The thieves and bandits return as persons, like the stranger, whom the sheep do not know and to whom they will not listen. Each of these set of characters, the thieves, the bandits, and the strangers is the counterpoint to Jesus who is known. Jesus repeats “I AM the gate” in verse 9, giving more specificity to what it means that he is the gate for the sheep. Whoever enters, presumably the sheepfold, through him will be saved, will be able to go in and out and find pasture.
Although easily overlooked, it is Jesus as the gate that first offers salvation. Preaching salvation here demands a radical contextualization of its meaning. Any generalized claim about salvation that erases the specificity of its literary location here dismisses about whom this discourse materialized in the first place. As commentary on the healing of the blind man, what is salvation for him? From what did he need to be saved?
To ask these kinds of questions of this biblical text will prevent the non-descript definitions of salvation that, if we are honest, will not save anybody. The man blind from birth is saved from isolation and marginalization. His healing saves him from everlasting darkness. Never again will he wonder where his next meal will be or who will answer his pleas as he sits begging outside the city. He will know the safety and security of community.
That salvation in John 10:9 is linked to the promise of pasture and protection (in and out of the sheep pen) means that the man born blind will know sustenance and security. For the disciples overhearing Jesus’ words, that which is for the blind man is for every disciple, every believer. The basic needs of life, food, water, shelter, intimacy, Jesus affords, the tangible grace depicted in 1:18, at the bosom of the Father.
The development of the image of Jesus as door or gate concludes, to an extent, in 10:10. The character of the thief returns alone, this time as the one who comes to steal and kill and destroy. In contrast, Jesus comes to provide abundant life. Singling out the thief foreshadows the role of Judas at the arrest of Jesus.
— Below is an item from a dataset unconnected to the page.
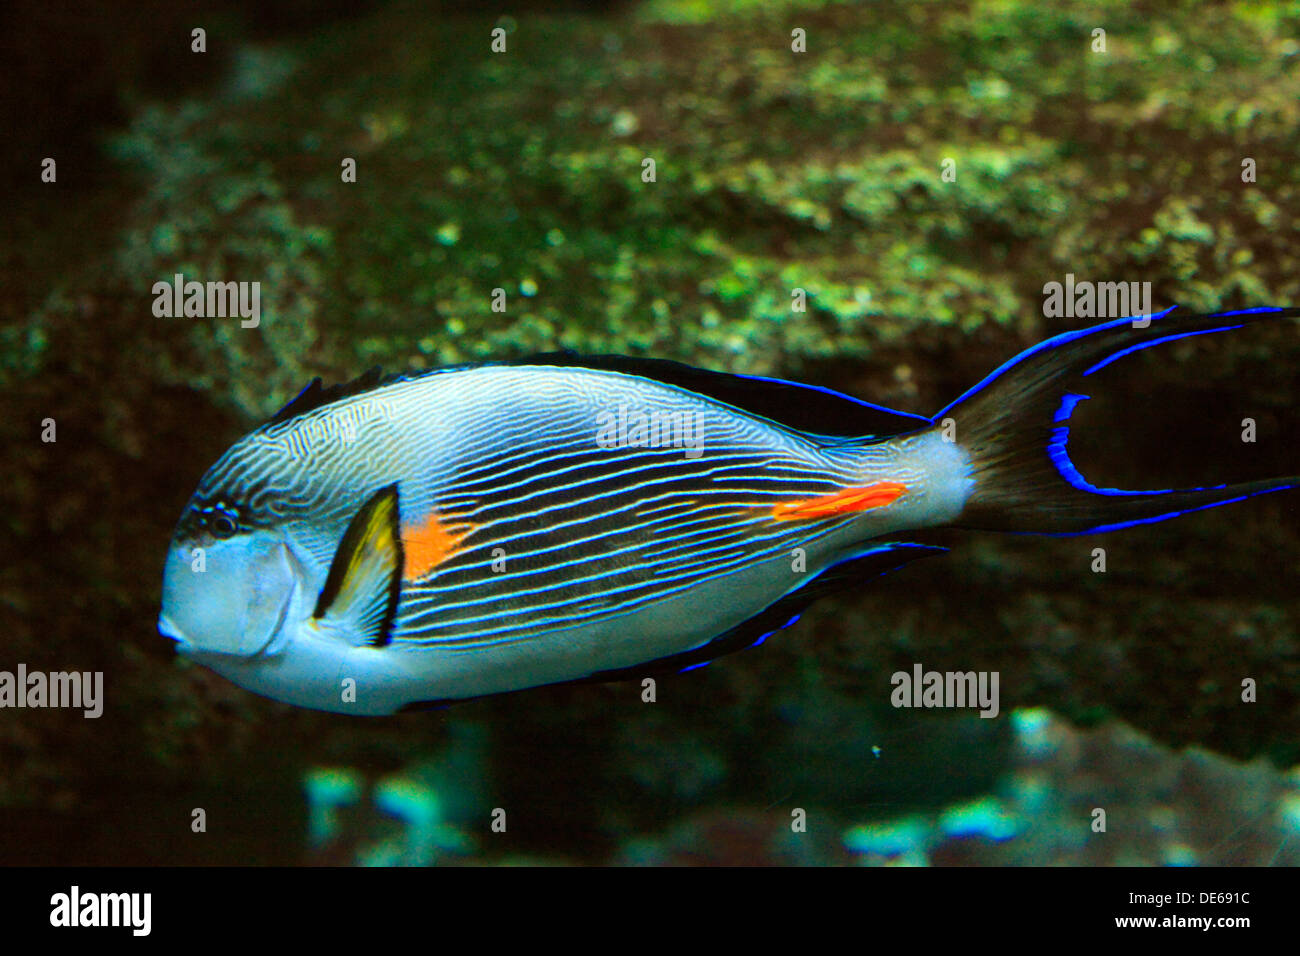 D-Bochum, Ruhr area, Westphalia, North Rhine-Westphalia, NRW, Tierpark and Fossilium Bochum, sohal surgeonfish, sohal tang, Acanthurus sohal - Stock Image

The only other time in the Gospel of John that the term “thief” is used describes Judas in 12:6.
Stealing and killing and destroying are all possible outcomes of Judas’s arrival at the garden and may explain Jesus’ words in 18:9 which have no antecedent, “This was to fulfill the word that he had spoken, ‘I did not lose a single one of those whom you gave me.’”
Preaching this portion of the “Shepherd Discourse” on Good Shepherd Sunday in Year A will preach this text on its own terms, as offering a sustained picture of Jesus as door or gate that is every bit as life-giving as that of Jesus as shepherd. This may be challenging on a Sunday labeled Good Shepherd Sunday, with an undeniable dearth of “Jesus as the Door” hymns, but to ignore this portrait of Jesus dismisses the ways in which this image is further developed throughout the Gospel.
Too many readers and hearers of this particular passage will extract its seemingly exclusionary claims of Jesus as the sole source and means of salvation (14:6). To return the pericope to its immediate and narrative context works against such absolute assumptions that are, in fact, counterintuitive to the theological premise of the Fourth Gospel, that God loves the world.